Eric and I have been looking at properties in connection with the XML work that Eric has been doing. In doing so, a number of items have come up. I've captured these below for discussion in the UTC.

The regex in the Unihan descriptions are useful for testing. Eric has noted, however, that they need some fixing: see Table 1 below. Two other items:
1. The regex notation in Unihan.xml should use a standard regex notation for codepoint literals, such as Perl: \x{...}
2. There is an error with kFourCornerCode for U+6F5E, "3716. 3716.4"
For non-enumerated regular properties, it would be useful to have those as well, perhaps in PropertyValueAliases.txt. Table 2 has a draft set for discussion.
We need to be more explicit about some of the string values, since reasonable people can differ in interpretation currently. One issue is what the value of the property is for code points not listed, such as unassigned code points. For other properties, we now document that in the data files, such as in DerivedAge.txt:
```
#  All code points not explicitly listed for Age
#  have the value unassigned.

# @missing: 0000..10FFFF; unassigned
```
But we don't do that for the string values. Recommendations are in the Table 2 below. Generally results should be some name if it is a catalog-like property, "" (empty) if they are information about a string (such as the bmg), and # (the source character itself) if they are foldings (since unaffected characters should be left alone). This also needs to be applied to the Unihan provisional properties
We do not make clear in PropertyValueAliases.txt what the default notation is for booleans. Eric chose N/Y on the pattern of NFD_Quick_Check, while I'd been using F/T. We should document whatever we choose in PropertyValueAliases.txt (and probably Eric's choice is the better one). Note that this places no requirement on APIs; it is just the format we choose for relaying information.
The Jamo property was not done for 5.0, as per the following action. It should be fixed in the next version. This needs no action from the UTC, since we already have an action to do it.
- [106-C20] Consensus: Document the Jamo_Short_Name property as a "contributory" property for Unicode 5.0 in UCD.html, PropertyAliases.txt and PropertyValueAliases.txt. Ref L2/05-379R.
We need to document that the algorithmic decomposition mapping values for Hangul syllables are not the full ones but the pair-wise ones. These correspond to all the other decomposition mappings for NFC. Example:
cp=CE31, dm=<CE20 11B8>, not <110E 1173 11B8>
Eric found a problem in CompositionExclusions in a comment: "if you look at the character count for pile #3, it says 924. I believe it should be 1030. If you just add the four largest ranges, you already get more than 924: 542+106+59+270 = 977."
The intention for the canonicalized block names in http://unicode.org/Public/UNIDATA/PropertyValueAliases.txt is for them to be suitable for use as identifiers.

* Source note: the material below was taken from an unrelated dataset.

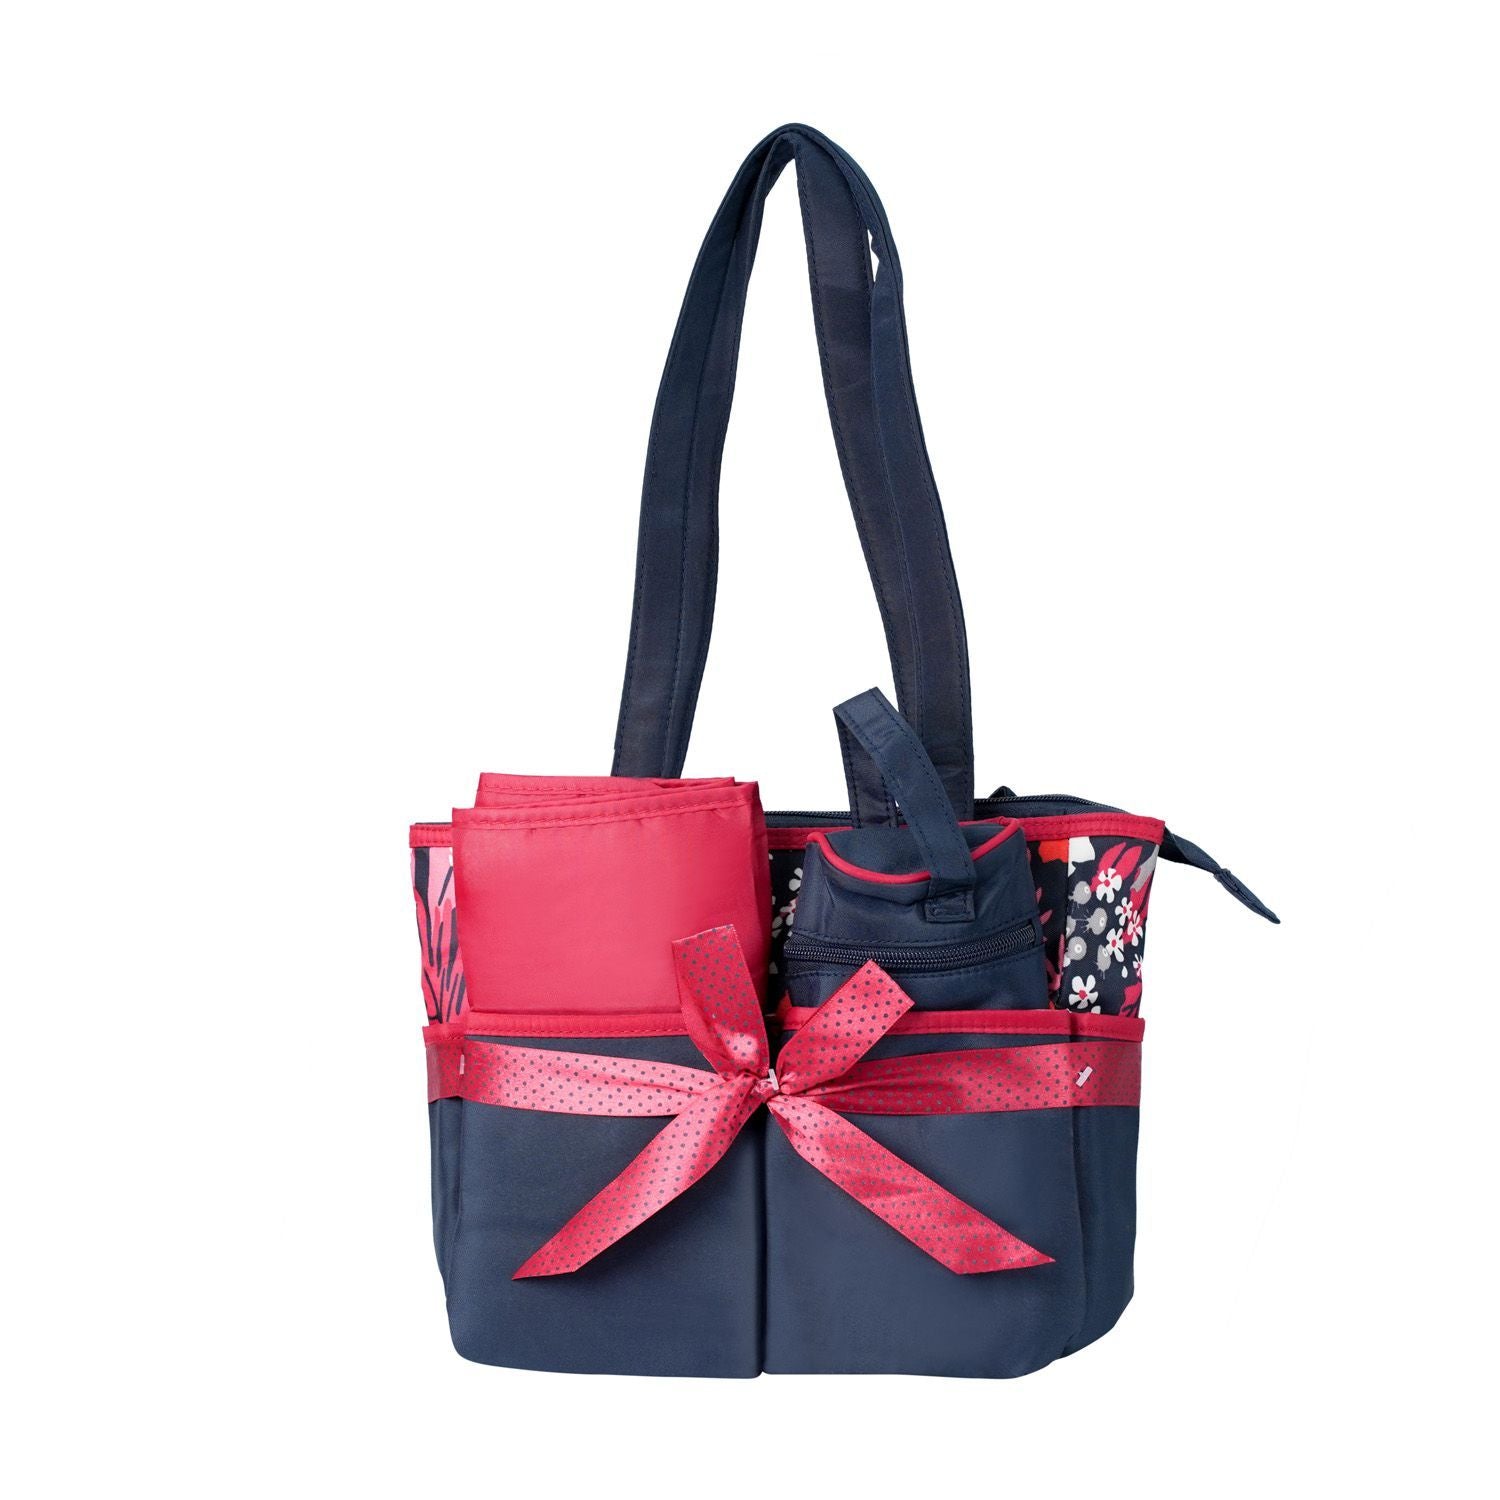 Buy Colorland 2 in 1 Mother Diaper Bag in Rose Red in Pakistan - BB999FF
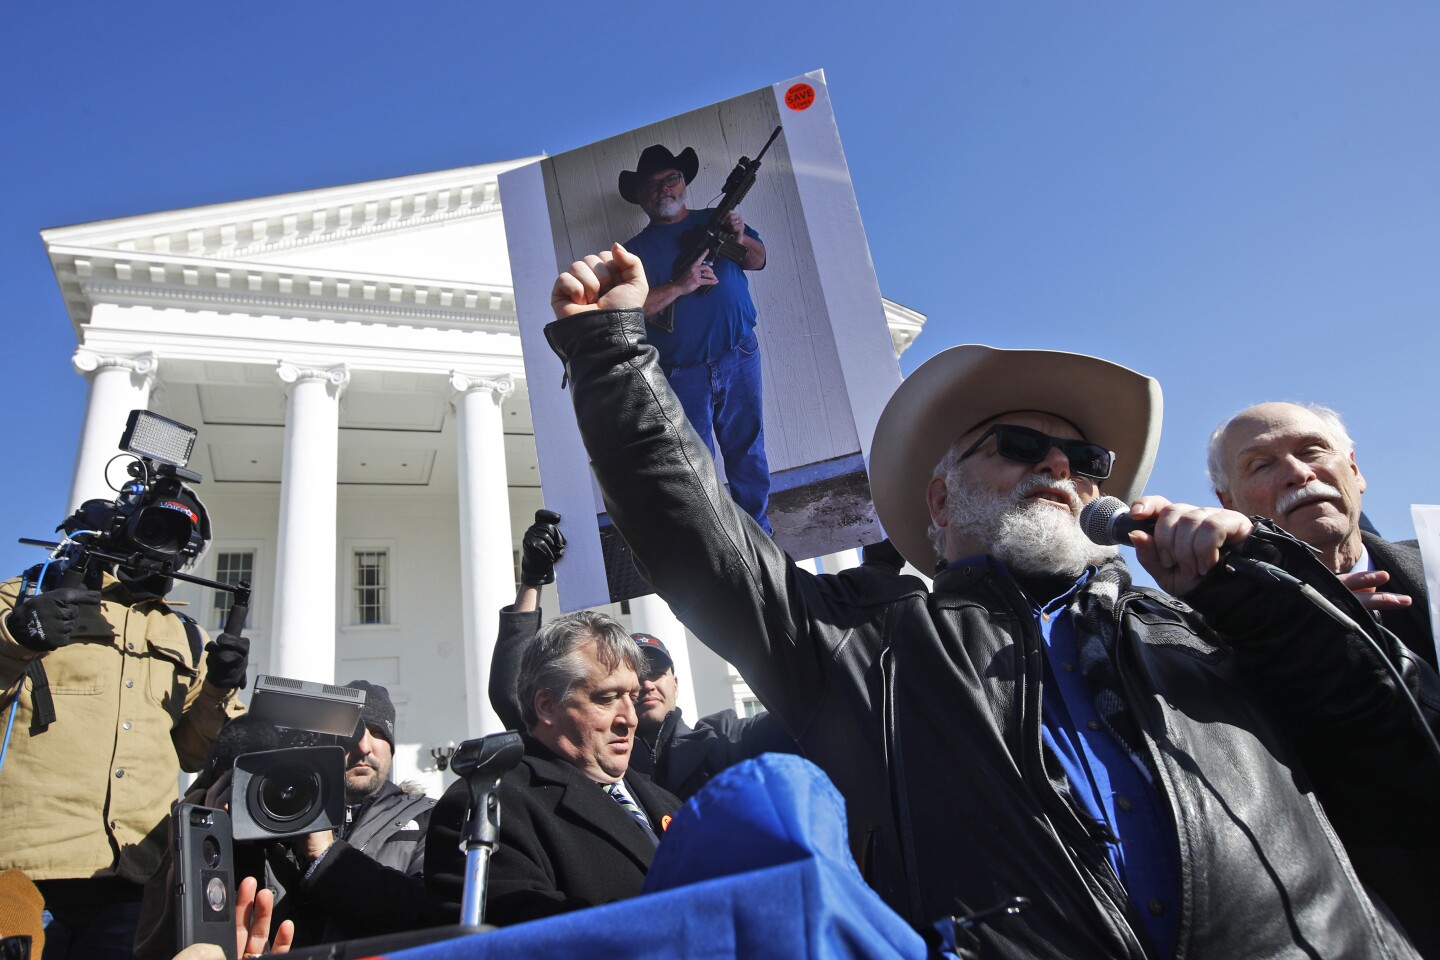 Thousands rally in Virginia’s capital for gun rights; police brace for trouble - Los ...

But some of them have "-" in the name. The proposal is to make the old value an alias and add the fixed new value. Here is an example of the change.
```
blk; n/a       ; Arabic_Presentation_Forms-A
=>
blk; n/a       ; Arabic_Presentation_Forms_A; 	Arabic_Presentation_Forms-A
```
Note: an alternative is to just replace them, since we specify that name matching ignores case differences.
The canonical names in http://unicode.org/Public/UNIDATA/PropertyValueAliases.txt are all title or uppercase, except for Decomposition_Type (dt). It would be more uniform if we fixed them. Here is an example of the change.
```
dt ; can       ; Canonical
=>
dt ; Can       ; Canonical   ; can
```
Note: an alternative is to just replace them, since we specify that name matching ignores those characters.
The values of the String properties need to be better documented regarding blank values in the source files. Where the value in the UnicodeData is blank, that indicates that the code point maps to itself. Thus the Lowercase_Mapping("a") = "a", not the empty string. We document this for the case of the simple lower/title/uppercase mappings (as below, from UCD.html):
Note: The simple lowercase may be omitted in the data file if the lowercase is the same as the code point itself.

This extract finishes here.